Persily: “The Paradox of Political Problem Perception (or if you will, Persily’s Paradox)” (Balkinization Symposium on Election Meltdown)

Nate Persily:

One of the central concerns animating Rick Hasen’s excellent book, Election Meltdown, is Americans’ decreasing confidence in the electoral system.  Genuine worries about voter suppression and voting machine insecurity, as well as manufactured anxieties due to disinformation, lead citizens to question the fairness of the system and the legitimacy of election results.  As scholars of comparative politics are quick to recount, trust in the mechanics of democracy becomes very difficult to regain once it is lost. The 2020 election, therefore, represents a turning point for the United States: Will supporters of the losing candidate question the validity of the election and the legitimacy of the winner?


I should admit that I have frequently criticized a focus on confidence and perceptions in the context of the law of democracy.   In the campaign finance context, I have worried about the Supreme Court’s emphasis on the appearance of corruption as a justification for regulation of contributions or expenditures.  In the context of voter identification, coauthors and I sounded an alarm that perceptions of fraud may have been disconnected from the reality of what was happening in polling places. And in the context of race-based redistricting, wherein majority-minority districts were alleged to create “expressive harms” through racial stereotyping, coauthors and I suggested the evidence did not back up such assessments.


Times have changed.  We now live in an era where perceptions of electoral dysfunction are at least as important, if not more so, than the reality. Those perceptions might be shaped by real or exaggerated reports of what is happening on the ground.  Or they might be caused by broad-based public cynicism fed by polarized coverage of a particular election-relevant phenomenon. 
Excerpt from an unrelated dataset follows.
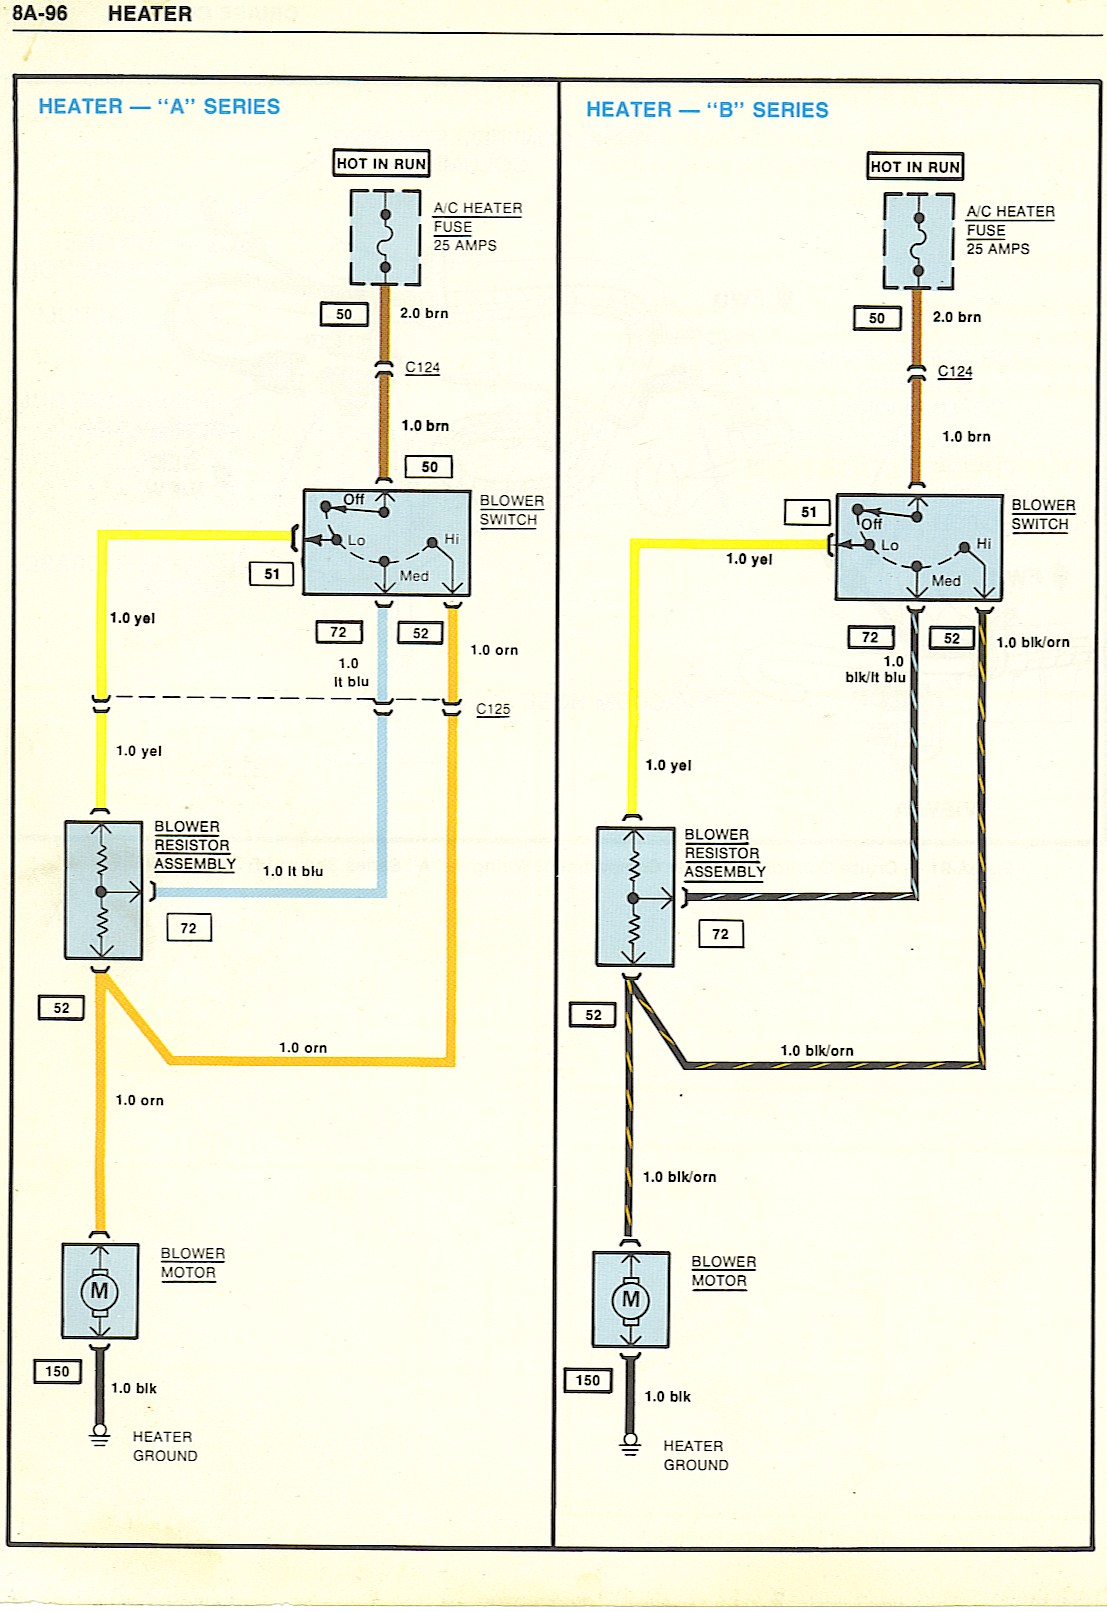 Under dash power sources? | GBodyForum - 1978-1988 General Motors A/G

Even worse, there are also a set of problems concerning the functioning of elections, which, when you draw attention to them, you make them worse.  Analysts and critics of the system are therefore placed in a bind: Keep silent about the problem and hope your concerns are not as significant as they appear or identify the problem and be responsible for the foreseeable, if unintended, consequences when you amplify their significance.  Call this the paradox of political problem perception.